Başûrê Kurdistan’ın statüsü, özgür ve demokratik yaşamı TC işgalciliğine karşı sessiz kalmaktan değil, buna karşı direnen güçleri desteklemekten geçiyor. Bu görev Başûrê Kurdistan Parlementosuna da düşmektedir. Başûrê Kurdistan Parlementosu gelişen olaylara Kürt yurtseverliği duyarlılığı ile bakıp Türk devletinin işgaline karşı tüm Güney partilerini ortak direnişe çağırmalıdır. Yine tüm çevreleri özgürlük gerillalarının büyük bir fedakarlıkla işgalcilere karşı direnerek yürüttüğü bu onur ve yurtseverlik savaşında işgalcilerin elini rahatlatacak, ulusal birliği boşa çıkaracak her türlü girişimden de uzak durulması çağrısını yapıyoruz.

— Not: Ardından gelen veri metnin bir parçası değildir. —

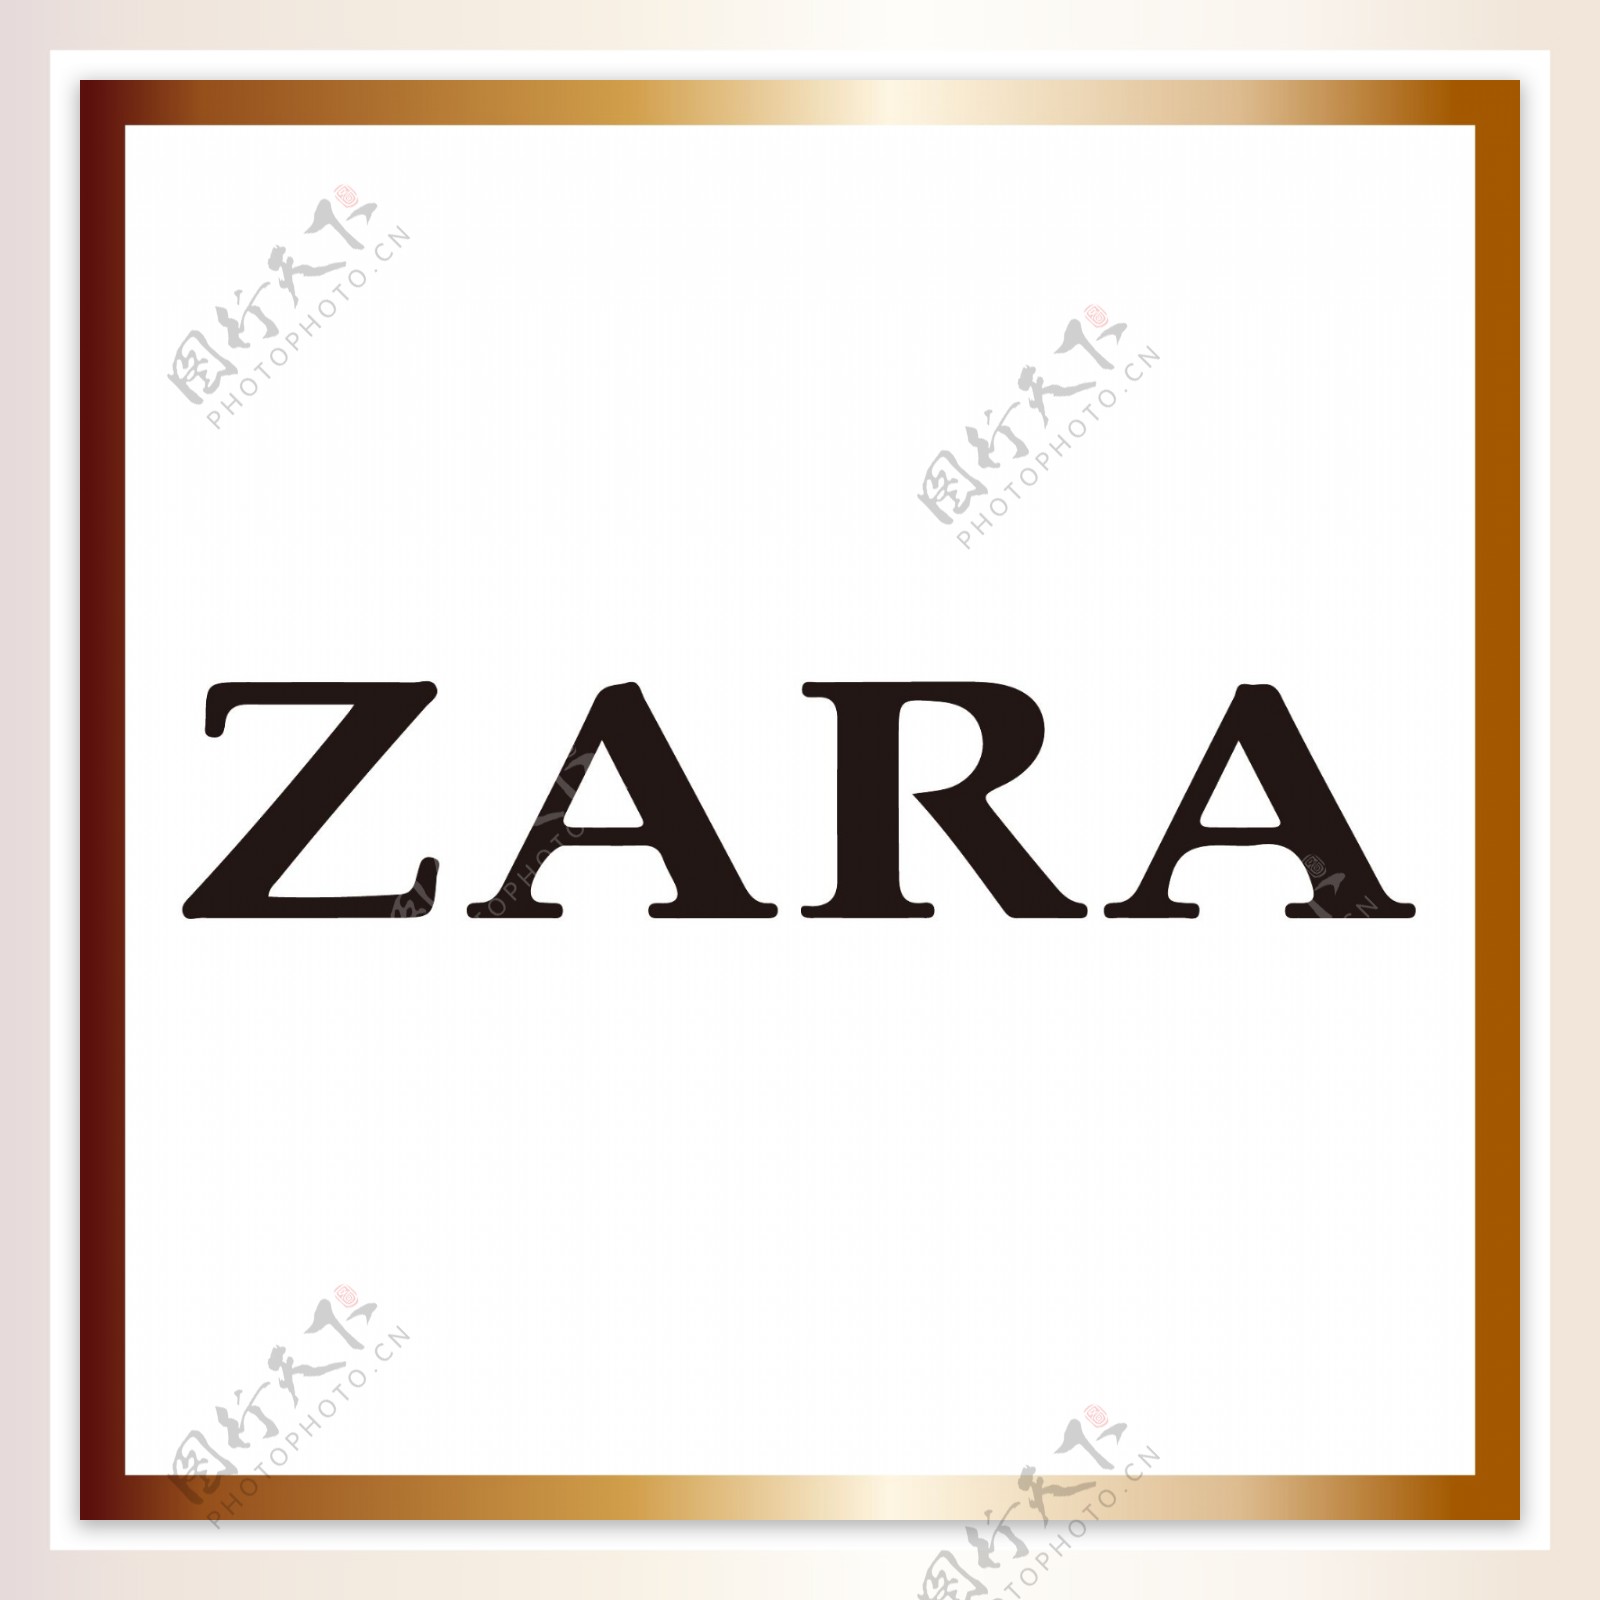 ZARA服装品牌

Gerilla güçlerimiz faşist işgal saldırıları karşısında özgür ve onurlu yaşam savaşı vermektedir. Kürdistani tüm güçleri ve halkımızı bu tarihi direnişi büyütecek bir tarzda sürece katılmaya, gerillanın yanında saf tutmaya ve işgalciliği hep birlikte yenilgiye uğratmaya davet ediyoruz.”